##### Material to process
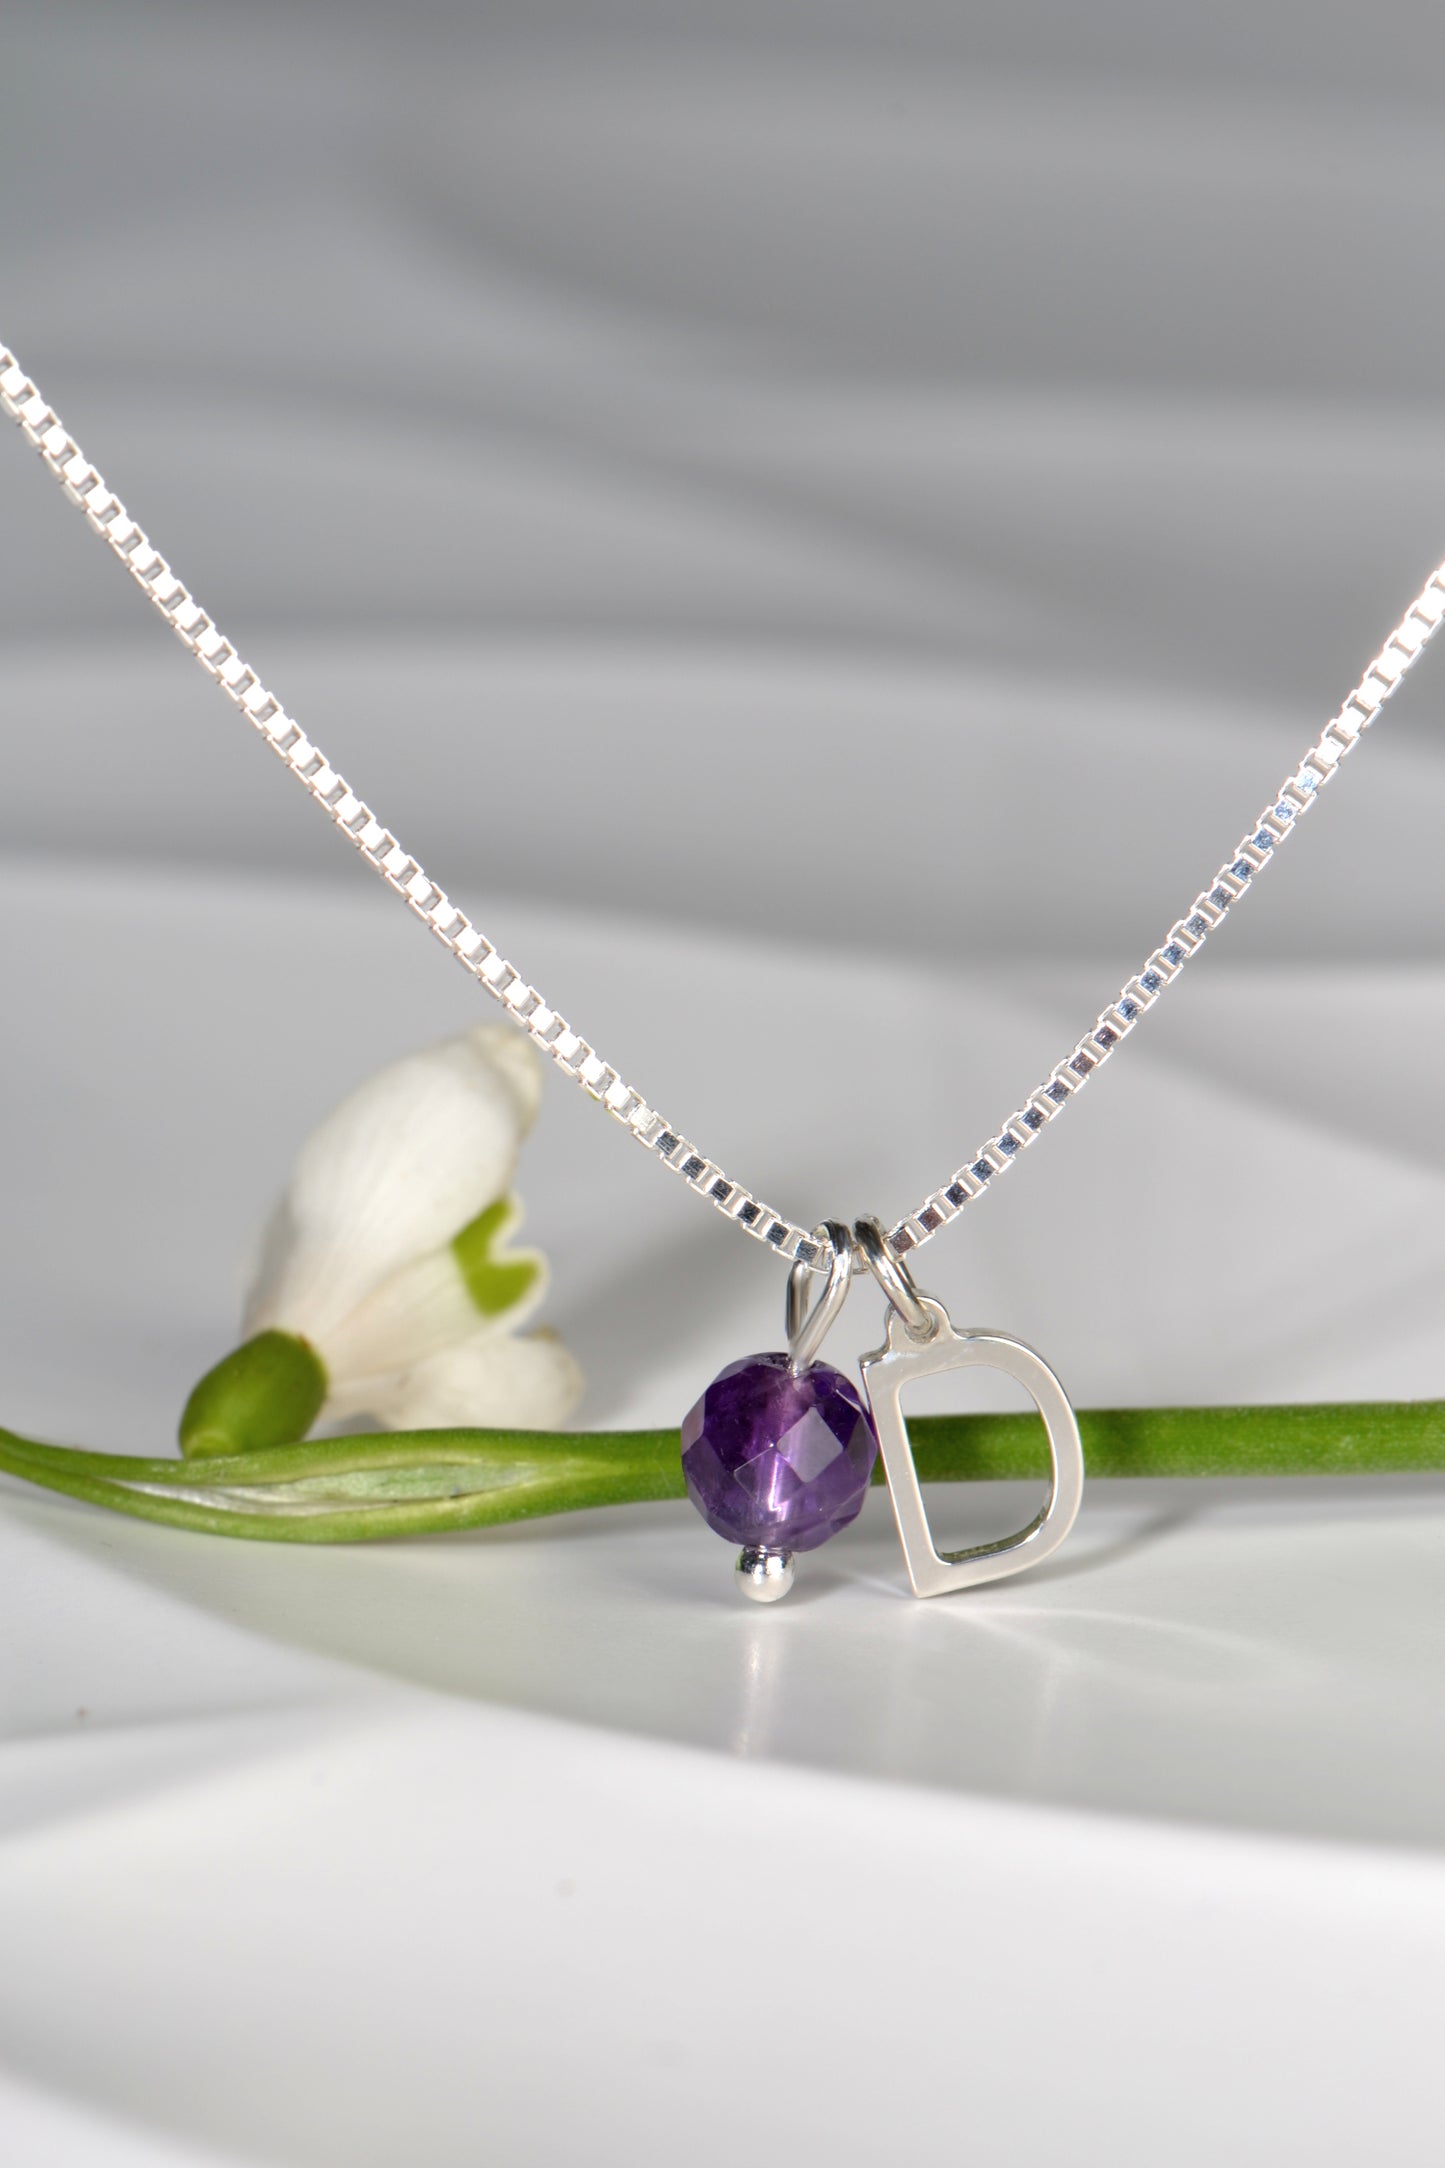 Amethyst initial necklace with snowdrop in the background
##########
##### Material to process
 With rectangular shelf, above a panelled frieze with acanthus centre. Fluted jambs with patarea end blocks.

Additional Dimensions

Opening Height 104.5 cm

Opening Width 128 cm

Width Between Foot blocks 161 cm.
##########
# Exercise requirements
Respond with a single number: the count of lines in the entries above that contain the string "blocks".

# Result for this exercise
2